US troops are working as fast as possible to move the weapons to more secure locations. "It is just a massive job," Colonel Richard says. But increasingly, the Americans are receiving help from residents who tell them where the weapons are hidden.

Explosions aren't the only danger related to the weapons caches. Many of the caches, including the one in west Baghdad, were looted prior to their discovery by US forces. That means that anti-American forces - and a wide spectrum of others of various political persuasions - had ample opportunity to stock up before hiding in residential areas.

"I call it a Kmart blowout special for anyone who wants a weapon," says Boltz.

The fact that the Iraqi population is armed to the teeth means US forces must always be ready for sniper or bomb attacks, even when they enter a neighborhood for purely humanitarian reasons.

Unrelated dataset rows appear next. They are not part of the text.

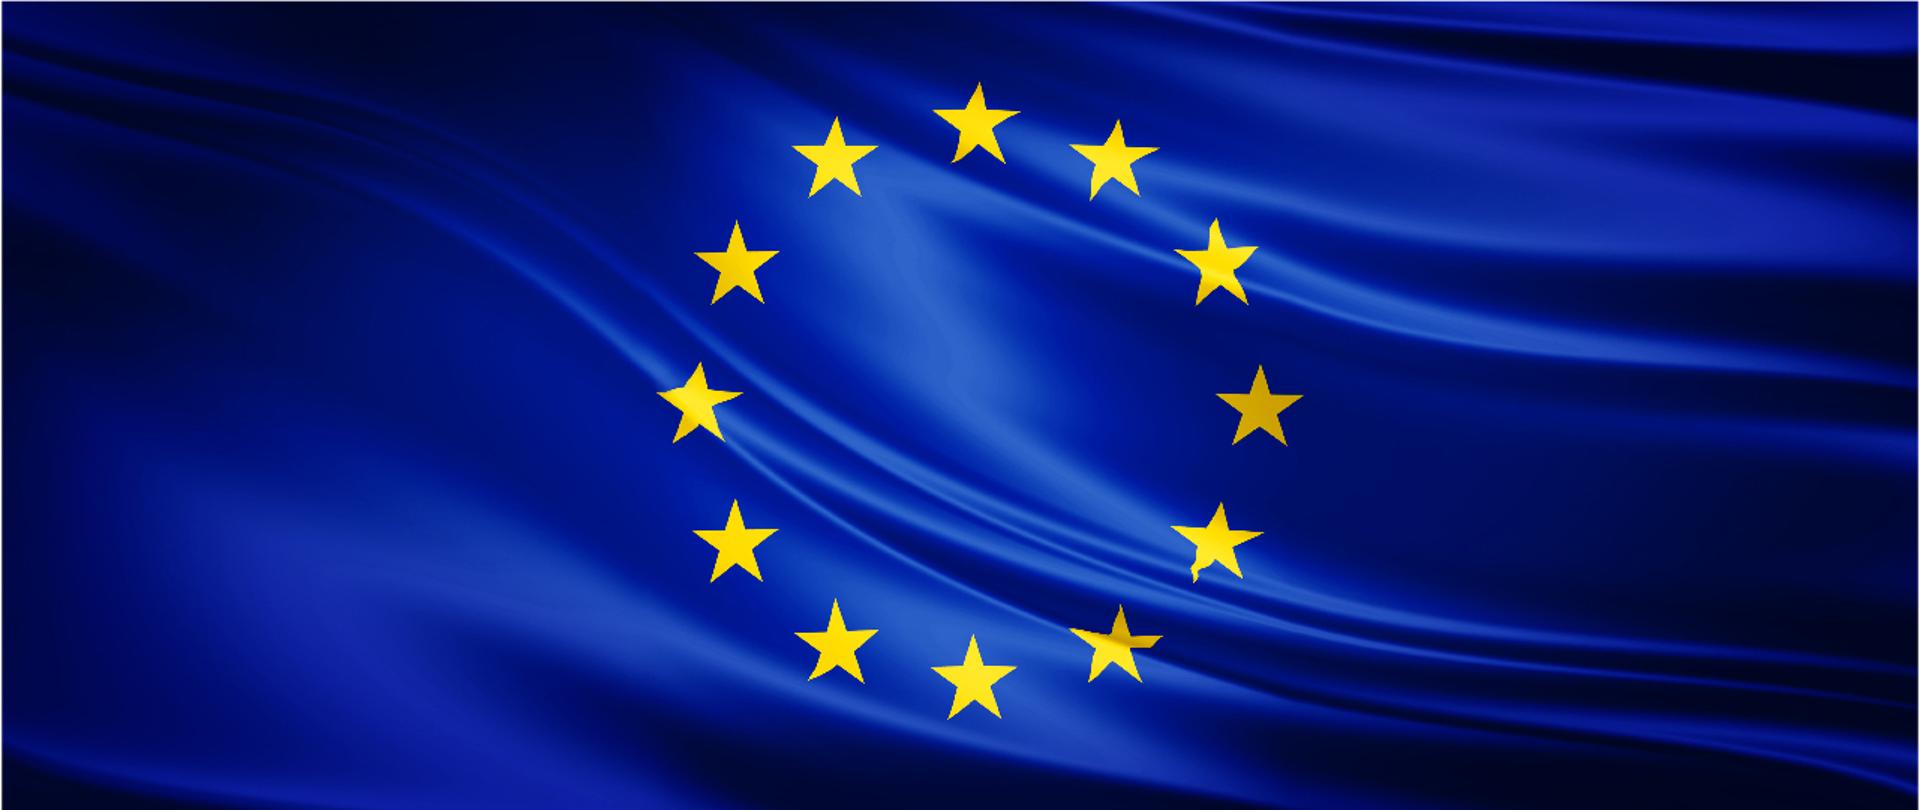 Baner: Dofinansowania EU
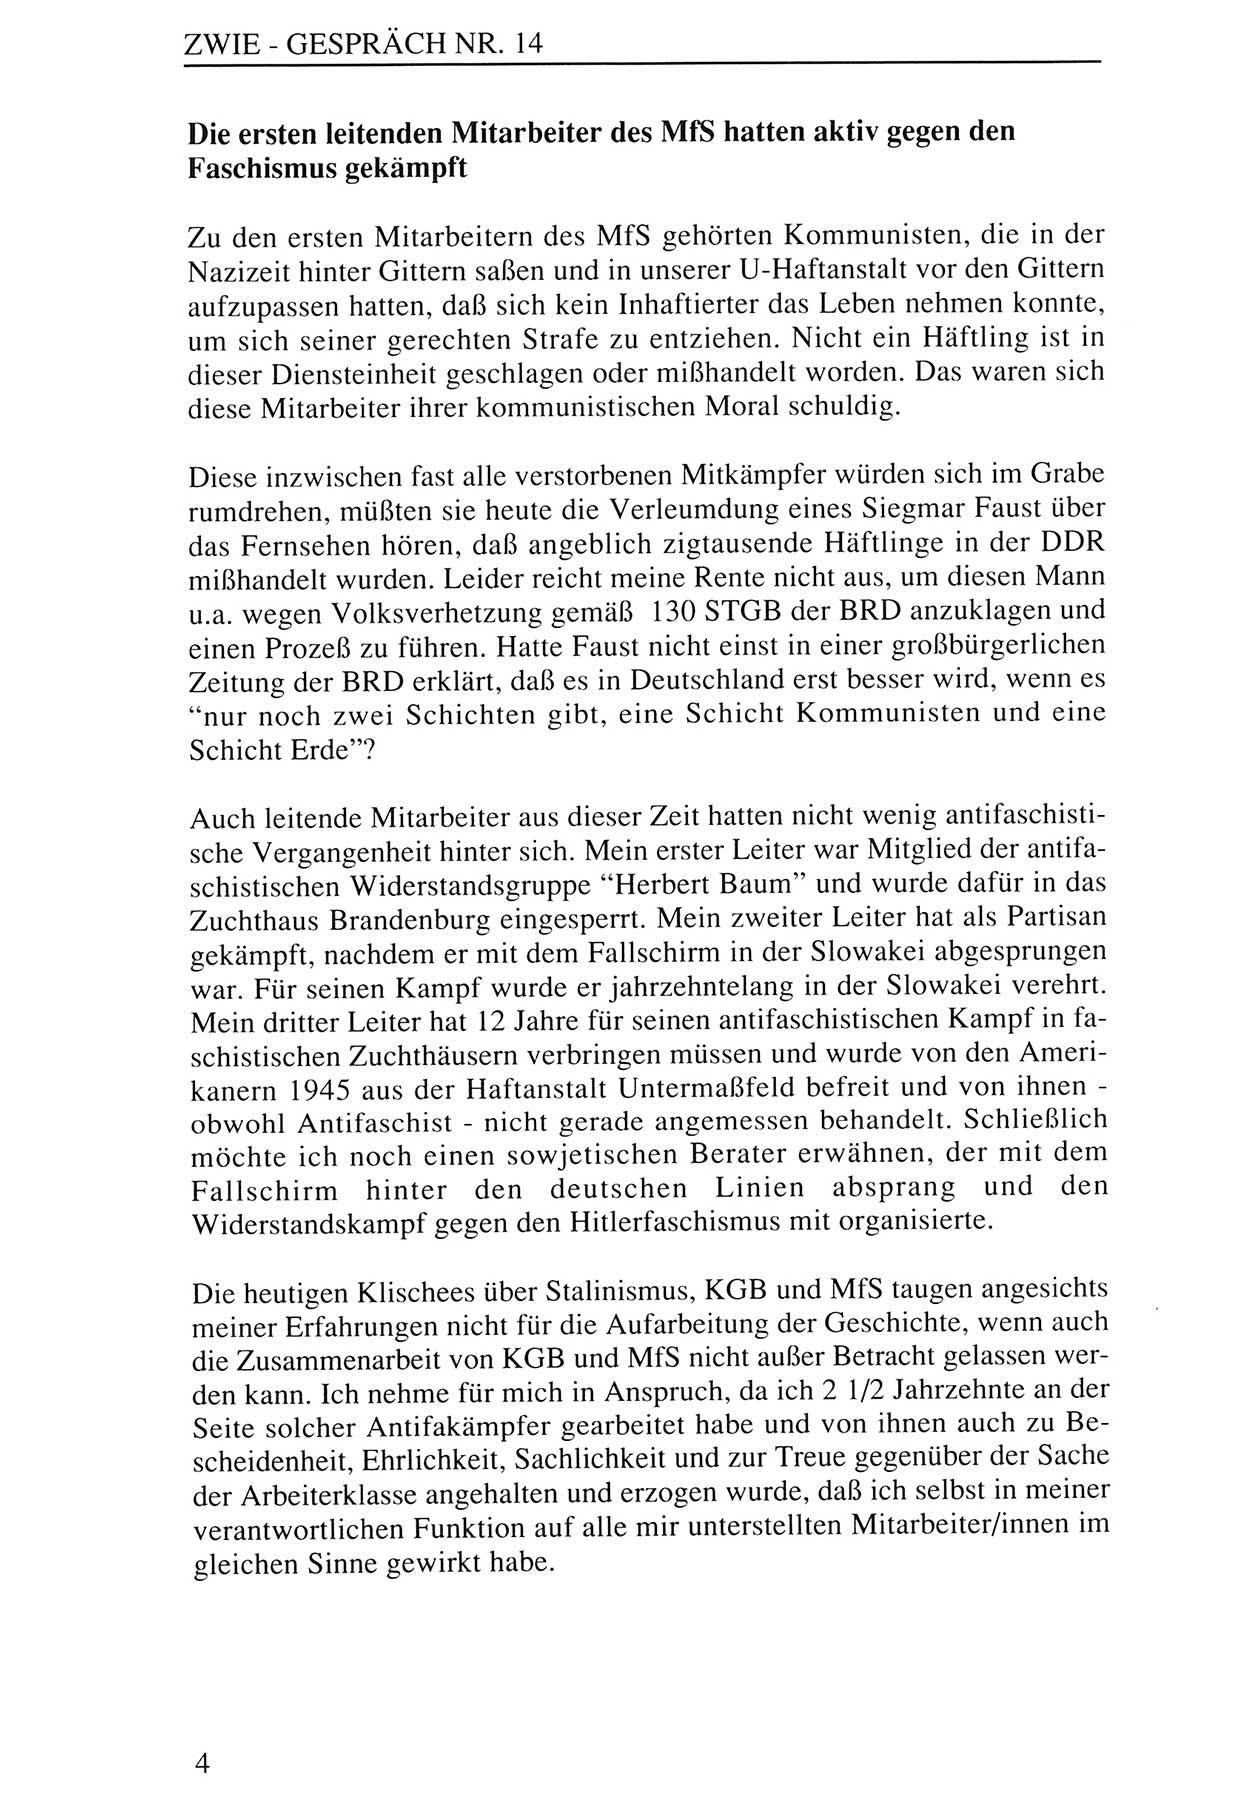 Zwie-Gespräch, Beiträge zur Aufarbeitung der Staatssicherheits-Vergangenheit [Deutsche Demokratische Republik (DDR)], Ausgabe Nr. 14, Berlin 1993, Seite 4 (Zwie-Gespr. Ausg. 14 1993, S. 4)
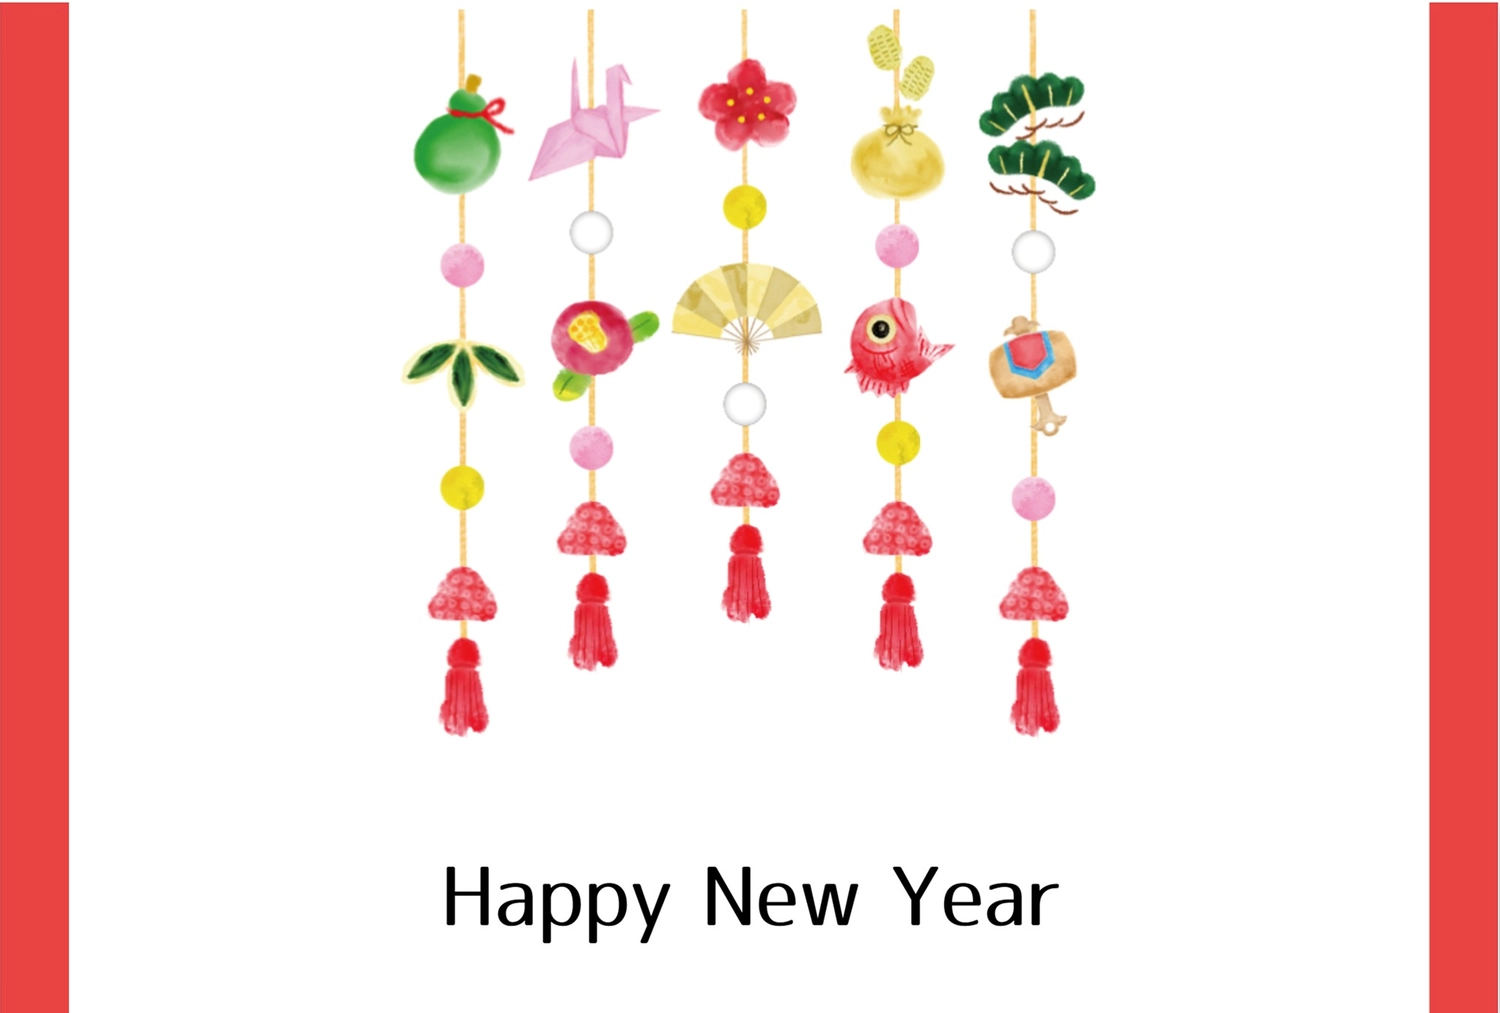 正月飾りの年賀状, 鯛, 吊るし飾り, 余白, 年賀状テンプレート

A gunman recently attacked a Humvee driven by a US Army civil-affairs unit working to improve Iraqi health services. He opened fire with an AK-47, spraying the vehicle as it drove on a downtown Baghdad street. Four soldiers were injured. Army officials say the gunman was killed.

After the attack, commanders ordered that any such civil-affairs missions must be accompanied by at least two armored military police Humvees, each with .50-caliber heavy machine guns mounted on the roof. But while the presence of such firepower might deter gunmen, some Army civil-affairs officers are concerned that it might also undercut their efforts to present a friendly face to supportive Iraqi civilians.